> _Data provided_:
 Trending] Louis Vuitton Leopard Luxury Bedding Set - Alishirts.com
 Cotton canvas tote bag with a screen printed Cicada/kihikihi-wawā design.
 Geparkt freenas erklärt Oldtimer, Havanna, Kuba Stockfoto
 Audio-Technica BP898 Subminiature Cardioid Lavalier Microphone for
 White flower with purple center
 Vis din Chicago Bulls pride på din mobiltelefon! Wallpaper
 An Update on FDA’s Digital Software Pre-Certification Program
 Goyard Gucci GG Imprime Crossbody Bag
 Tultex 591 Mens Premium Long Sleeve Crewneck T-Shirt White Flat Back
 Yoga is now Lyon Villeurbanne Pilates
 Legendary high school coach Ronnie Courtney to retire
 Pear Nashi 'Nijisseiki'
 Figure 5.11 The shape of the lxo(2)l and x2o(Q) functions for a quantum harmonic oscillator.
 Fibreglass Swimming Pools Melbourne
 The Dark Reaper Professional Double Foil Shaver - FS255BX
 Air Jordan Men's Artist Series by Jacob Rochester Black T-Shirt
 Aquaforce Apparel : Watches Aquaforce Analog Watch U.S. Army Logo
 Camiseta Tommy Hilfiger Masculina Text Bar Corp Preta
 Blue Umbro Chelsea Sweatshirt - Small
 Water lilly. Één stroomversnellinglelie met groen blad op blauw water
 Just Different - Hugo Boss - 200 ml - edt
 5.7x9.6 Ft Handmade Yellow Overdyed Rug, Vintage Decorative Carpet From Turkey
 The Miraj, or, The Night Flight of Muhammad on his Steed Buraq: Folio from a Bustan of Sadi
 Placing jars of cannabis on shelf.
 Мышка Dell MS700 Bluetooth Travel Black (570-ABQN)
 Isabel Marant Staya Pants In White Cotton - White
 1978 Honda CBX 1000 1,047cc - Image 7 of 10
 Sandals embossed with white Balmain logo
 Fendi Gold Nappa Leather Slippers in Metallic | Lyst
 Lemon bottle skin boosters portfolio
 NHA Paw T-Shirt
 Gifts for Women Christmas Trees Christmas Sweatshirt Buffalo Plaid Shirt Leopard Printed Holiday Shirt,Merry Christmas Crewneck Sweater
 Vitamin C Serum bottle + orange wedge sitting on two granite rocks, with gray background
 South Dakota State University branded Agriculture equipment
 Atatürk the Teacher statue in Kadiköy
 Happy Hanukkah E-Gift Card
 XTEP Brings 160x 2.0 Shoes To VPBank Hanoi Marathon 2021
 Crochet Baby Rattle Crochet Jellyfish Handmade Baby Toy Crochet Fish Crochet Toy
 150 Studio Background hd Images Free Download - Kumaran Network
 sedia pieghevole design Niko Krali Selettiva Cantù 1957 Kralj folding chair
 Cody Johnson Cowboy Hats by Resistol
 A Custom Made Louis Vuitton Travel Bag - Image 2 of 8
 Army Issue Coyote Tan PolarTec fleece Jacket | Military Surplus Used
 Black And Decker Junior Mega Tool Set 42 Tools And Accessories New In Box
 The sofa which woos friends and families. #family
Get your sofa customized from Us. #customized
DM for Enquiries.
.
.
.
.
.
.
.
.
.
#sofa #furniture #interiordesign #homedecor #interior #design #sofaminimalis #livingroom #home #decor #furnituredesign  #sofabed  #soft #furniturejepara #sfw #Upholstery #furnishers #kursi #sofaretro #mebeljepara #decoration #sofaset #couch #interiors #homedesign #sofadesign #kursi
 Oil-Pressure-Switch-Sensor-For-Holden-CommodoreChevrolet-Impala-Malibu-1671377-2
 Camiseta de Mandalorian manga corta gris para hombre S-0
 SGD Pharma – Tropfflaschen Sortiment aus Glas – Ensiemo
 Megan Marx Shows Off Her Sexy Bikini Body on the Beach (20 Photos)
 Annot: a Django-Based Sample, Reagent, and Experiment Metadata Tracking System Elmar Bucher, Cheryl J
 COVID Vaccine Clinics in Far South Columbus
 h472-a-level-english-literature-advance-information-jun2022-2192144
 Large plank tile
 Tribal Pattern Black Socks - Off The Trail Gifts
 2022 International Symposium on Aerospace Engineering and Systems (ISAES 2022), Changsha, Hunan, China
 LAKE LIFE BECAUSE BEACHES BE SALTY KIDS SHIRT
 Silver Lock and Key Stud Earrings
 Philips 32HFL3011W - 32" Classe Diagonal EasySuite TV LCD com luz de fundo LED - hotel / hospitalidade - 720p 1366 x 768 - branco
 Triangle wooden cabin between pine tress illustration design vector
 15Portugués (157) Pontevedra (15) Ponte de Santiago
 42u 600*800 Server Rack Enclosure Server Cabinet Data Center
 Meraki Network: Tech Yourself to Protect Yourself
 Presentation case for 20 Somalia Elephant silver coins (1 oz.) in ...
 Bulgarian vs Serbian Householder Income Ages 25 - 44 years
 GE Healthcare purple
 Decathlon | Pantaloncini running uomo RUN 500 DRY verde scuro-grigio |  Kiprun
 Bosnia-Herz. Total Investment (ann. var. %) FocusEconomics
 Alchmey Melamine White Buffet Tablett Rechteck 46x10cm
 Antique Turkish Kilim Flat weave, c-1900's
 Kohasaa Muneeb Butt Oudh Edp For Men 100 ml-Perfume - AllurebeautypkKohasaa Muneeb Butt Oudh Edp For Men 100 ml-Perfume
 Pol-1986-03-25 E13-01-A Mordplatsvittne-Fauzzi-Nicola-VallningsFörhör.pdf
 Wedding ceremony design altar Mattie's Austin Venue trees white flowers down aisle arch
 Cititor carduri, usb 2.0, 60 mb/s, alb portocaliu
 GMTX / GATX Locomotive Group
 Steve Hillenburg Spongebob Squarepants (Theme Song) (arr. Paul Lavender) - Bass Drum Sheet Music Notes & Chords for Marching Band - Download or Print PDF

> _Exercise objective_: Copy word for word the stretch of entries above from the line that has "1978 Honda CBX 1000 1,047cc - Image 7 of 10" through the line that has "Vitamin C Serum", both ends included, and nothing outside it.

> _Written response_:
 1978 Honda CBX 1000 1,047cc - Image 7 of 10
 Sandals embossed with white Balmain logo
 Fendi Gold Nappa Leather Slippers in Metallic | Lyst
 Lemon bottle skin boosters portfolio
 NHA Paw T-Shirt
 Gifts for Women Christmas Trees Christmas Sweatshirt Buffalo Plaid Shirt Leopard Printed Holiday Shirt,Merry Christmas Crewneck Sweater
 Vitamin C Serum bottle + orange wedge sitting on two granite rocks, with gray background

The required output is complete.